NUNUKAN, KN – Petugas Imigrasi Nunukan, Kalimantan Utara, kembali mendeportasi enam warga negara Malaysia yang kedapatan masuk secara ilegal ke wilayah Indonesia. Keenamnya dideportasi karena nekat melintas tanpa dokumen keimigrasian demi menyantap bakso di Pulau Sebatik.
Deportasi terakhir ini dilakukan pada Senin, 3 November 2025, melengkapi deportasi dua WN Malaysia lain yang telah dilakukan lebih dulu.
Kronologi Penangkapan Gara-gara Kuliner
Awal mula insiden ini terjadi ketika Tim Intelijen dan Penindakan Keimigrasian (Inteldakim) Imigrasi Nunukan mendapati total delapan WN Malaysia pada Senin (20/10/2025). Mereka terdeteksi masuk secara ilegal melalui Dermaga Lale Sallo, Sungai Pancang, sekitar pukul 15.20 Wita.
Motif kedatangan mereka sangat unik dan sederhana.

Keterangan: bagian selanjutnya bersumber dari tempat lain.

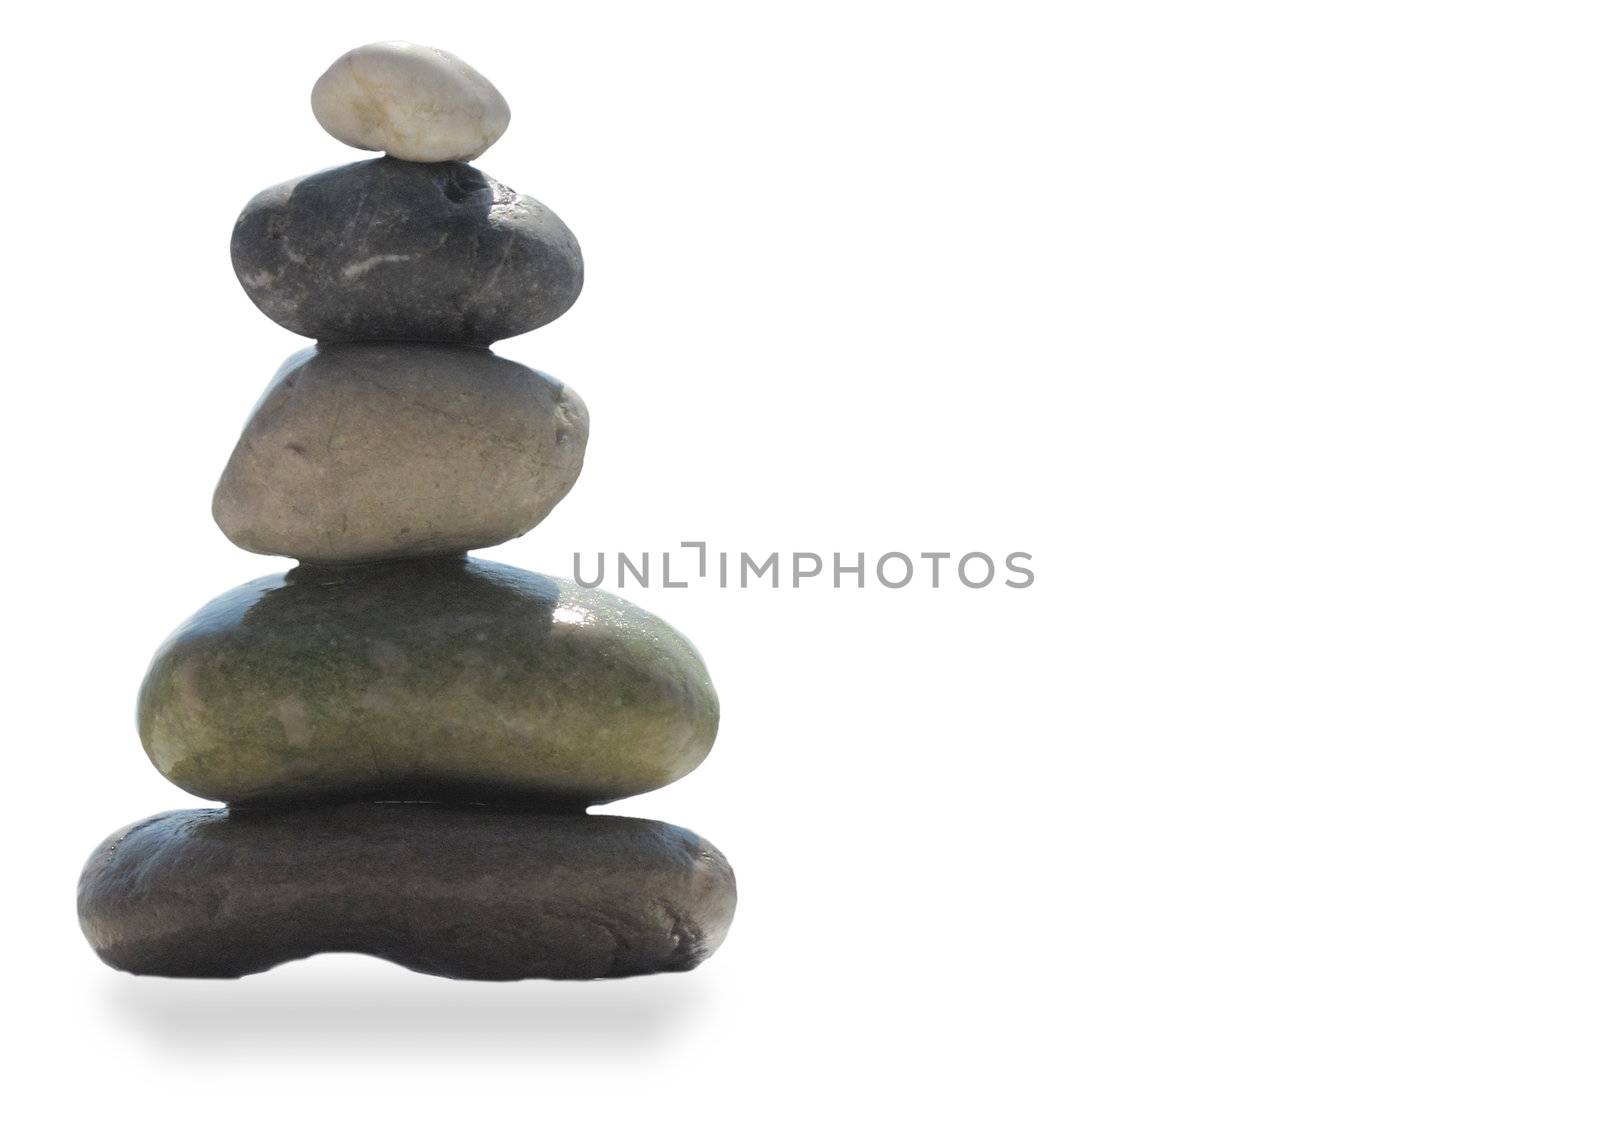 The stack of pebble stones in zen concept 
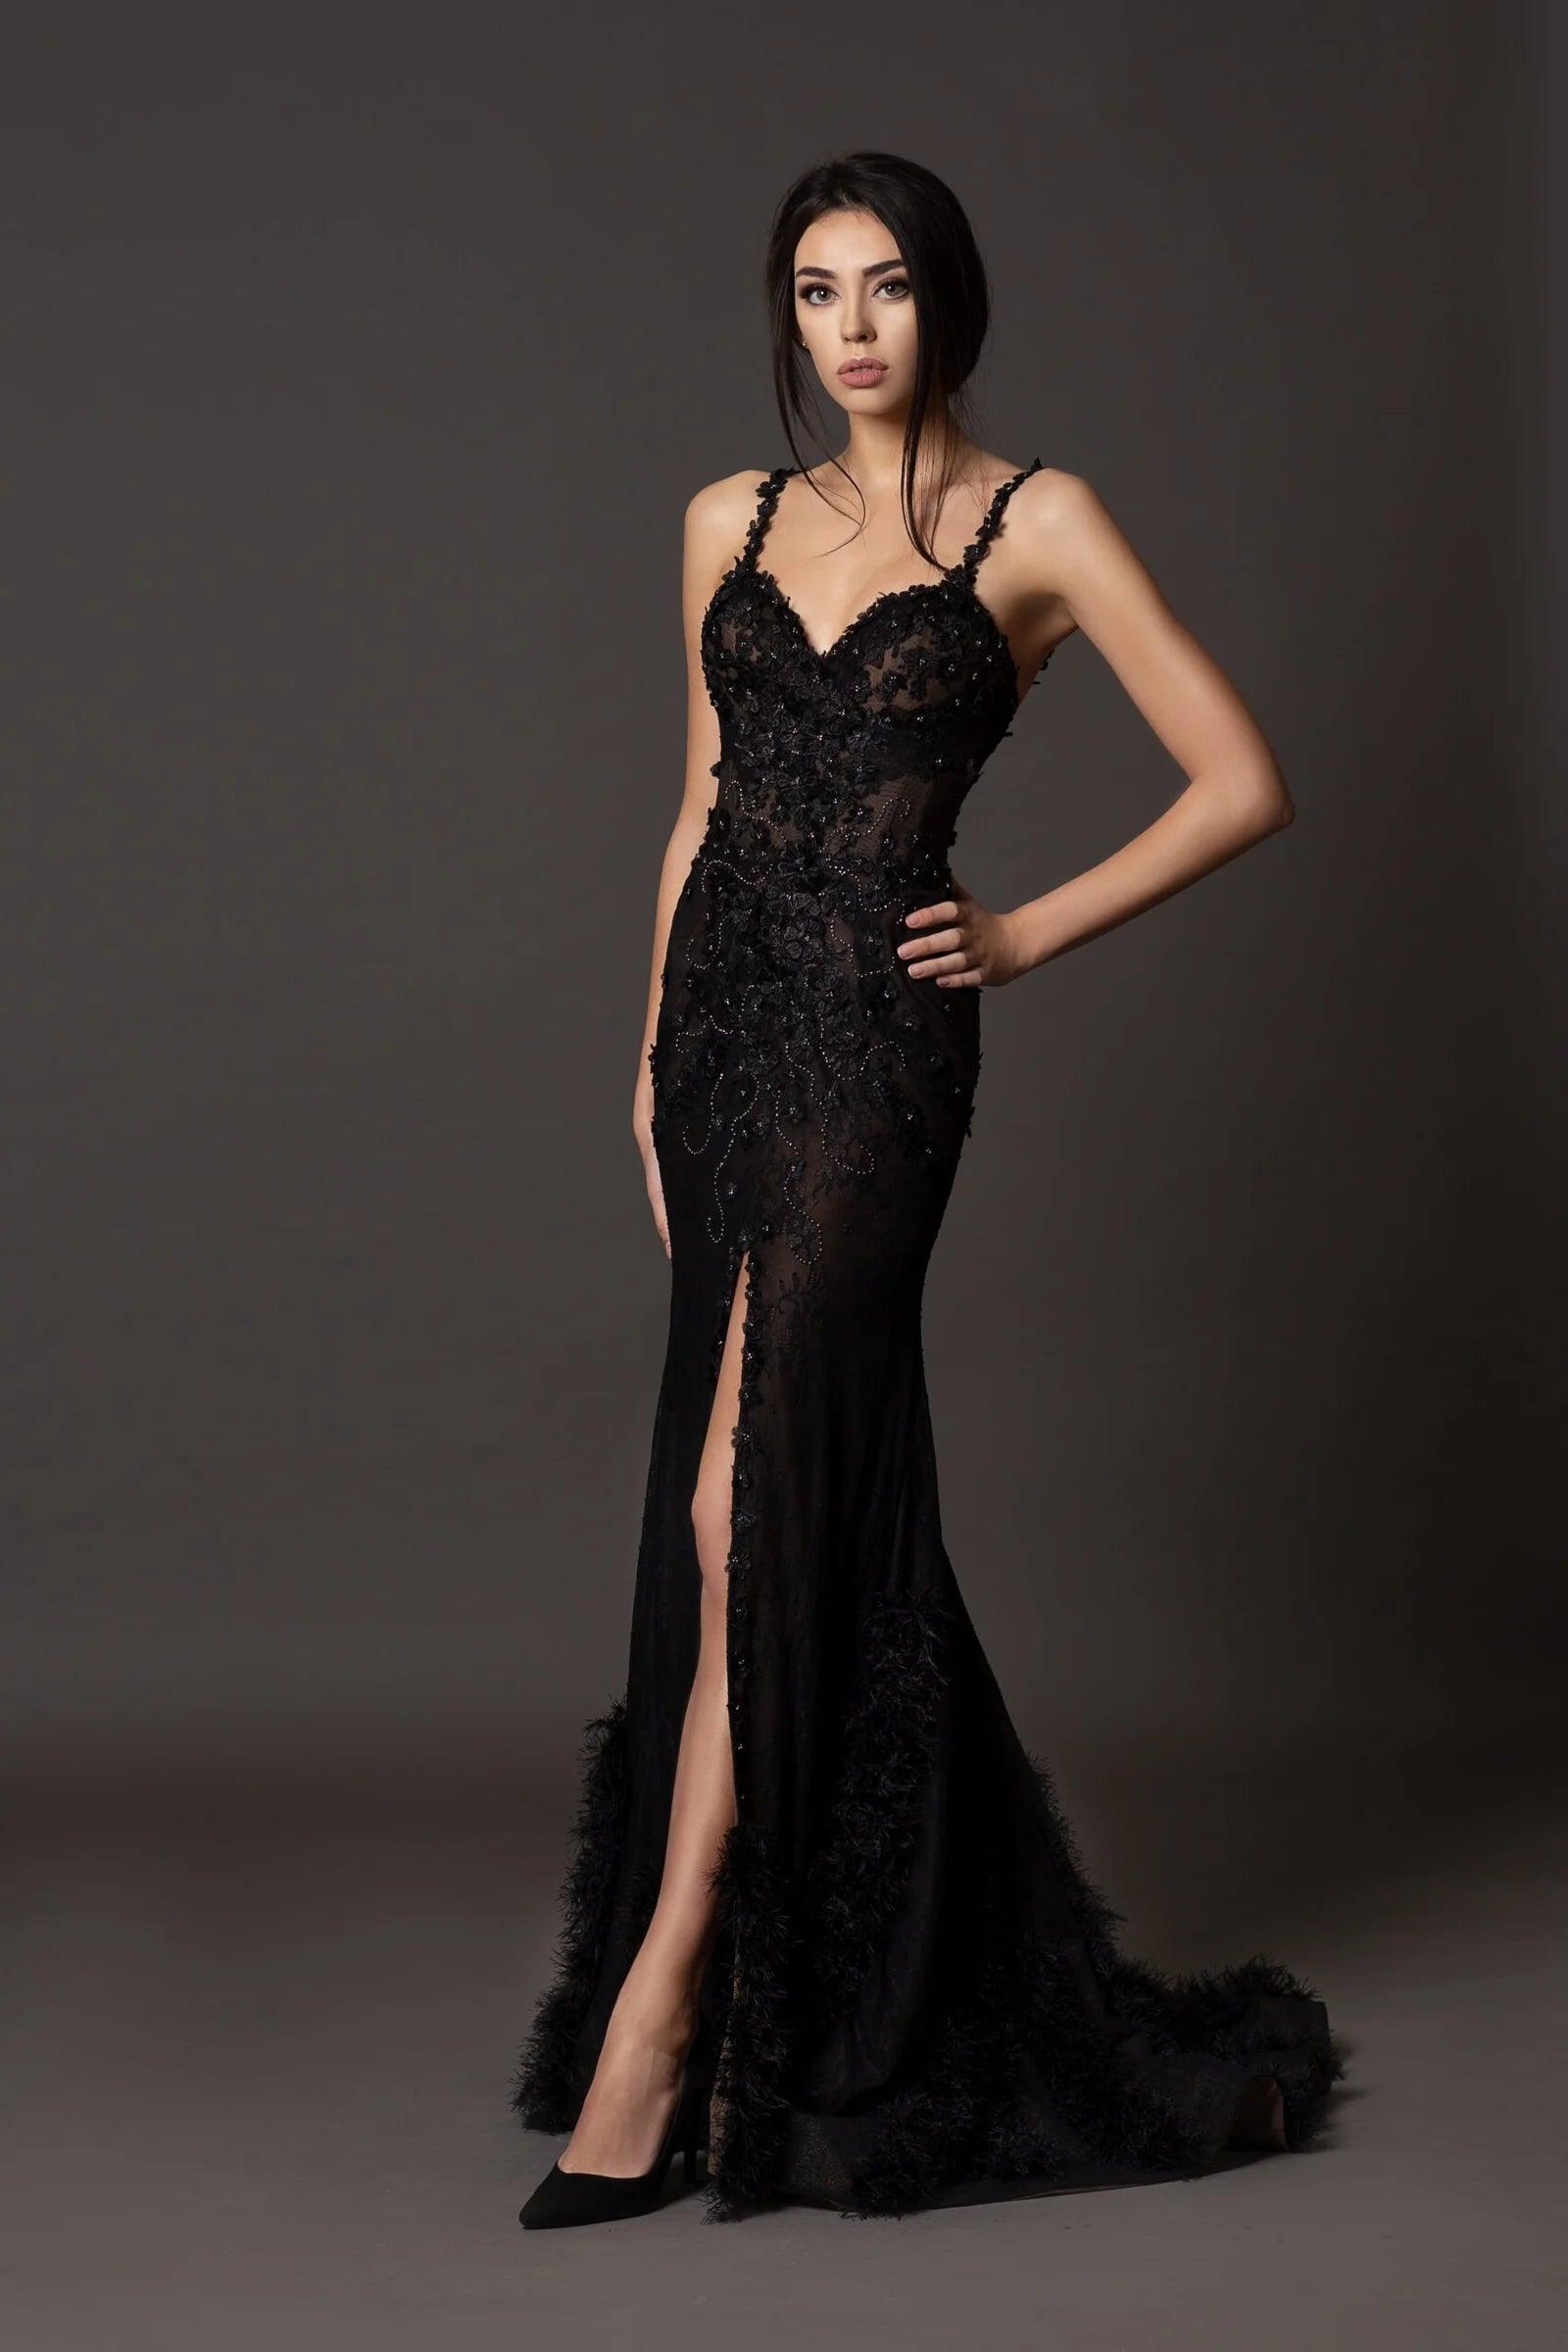 Unique Black Lace Gown with slit

Kelompok keluarga besar ini mengaku hanya ingin menikmati semangkuk bakso yang terkenal di depan Pos Lintas Batas Negara (PLBN) Sebatik.
”Mereka ada acara kenduri di Tawau. Setelah selesai, salah satu di antara mereka menyarankan untuk ke Sebatik saja. Kebetulan dia sering ke Sebatik dan tahu jalurnya,” tutur Kepala Seksi Teknologi dan Informasi Keimigrasian (Tikim) Kantor Imigrasi Nunukan, Iwan, melalui keterangan tertulis, Selasa (4/11/2025).
Iwan menjelaskan , Tim Inteldakim mengamankan para warga negara Malaysia tersebut karena memiliki ikatan keluarga. Selanjutnya, kelompok ini, yang datang dari Semenanjung dan Negeri Sembilan, Malaysia, tidak menyangka perjalanan singkat untuk wisata kuliner itu berujung pada penangkapan.
Perbedaan Nasib Dua Pasangan Suami Istri
Dari total delapan orang yang diamankan, Imigrasi Nunukan membagi penanganannya menjadi dua kloter.
- Kloter Pertama: Petugas mendeportasi lebih dulu pasangan suami istri Hassaniah Binti Omar (59) dan W Kamarudin Bin W Ahmad (62)Hassaniah Binti Omar (59) dan W Kamarudin Bin W Ahmad (62) pada Selasa (28/10/2025). Dokumen keimigrasian kedua orang ini lengkap.
- Kloter Kedua: Enam WN Malaysia lainnya: Wan Hafizuddin Bin W Kamaruddin (30), Ajurah Binti Amat (33), Aidah Binti Amat (38), Shafrizul Bin Ramliee (31), Nur Ain Binti Mustafa (36), dan Norfalini Binti Husairi (39).
Kelompok kedua ini hanya berbekal Kartu Identitas (IC) Malaysia, sehingga mereka harus menunggu hasil verifikasi identitas resmi dari Kedutaan Malaysia di Pontianak.
Pesan Tegas di Wilayah Perbatasan
Setelah proses verifikasi rampung, Imigrasi Nunukan melakukan deportasi enam orang ini pada Senin, 3 November 2025.
Deportasi ini didasarkan pada Pasal 113 dan/atau Pasal 119 Undang-Undang Nomor 6 Tahun 2011 tentang Keimigrasian. Imigrasi mengenakan tindakan administratif berupa deportasi dan pencekalan untuk memberikan efek jera.
”Kita lakukan sebuah warning tegas bahwa masuk negara lain, wajib memiliki dokumen resmi yaitu paspor,” tegas Iwan.
Petugas Inteldakim mengawasi secara langsung seluruh proses keberangkatan untuk memastikan pelaksanaan deportasi berjalan sesuai prosedur hukum dan menjunjung tinggi prinsip kemanusiaan.
Tindakan ini melanjutkan komitmen Imigrasi Nunukan sebagai garda terdepan dalam pengawasan keimigrasian di perbatasan Indonesia–Malaysia. Tujuannya adalah menjaga kedaulatan negara dan memastikan setiap perlintasan berlangsung aman, tertib, serta sesuai ketentuan yang berlaku.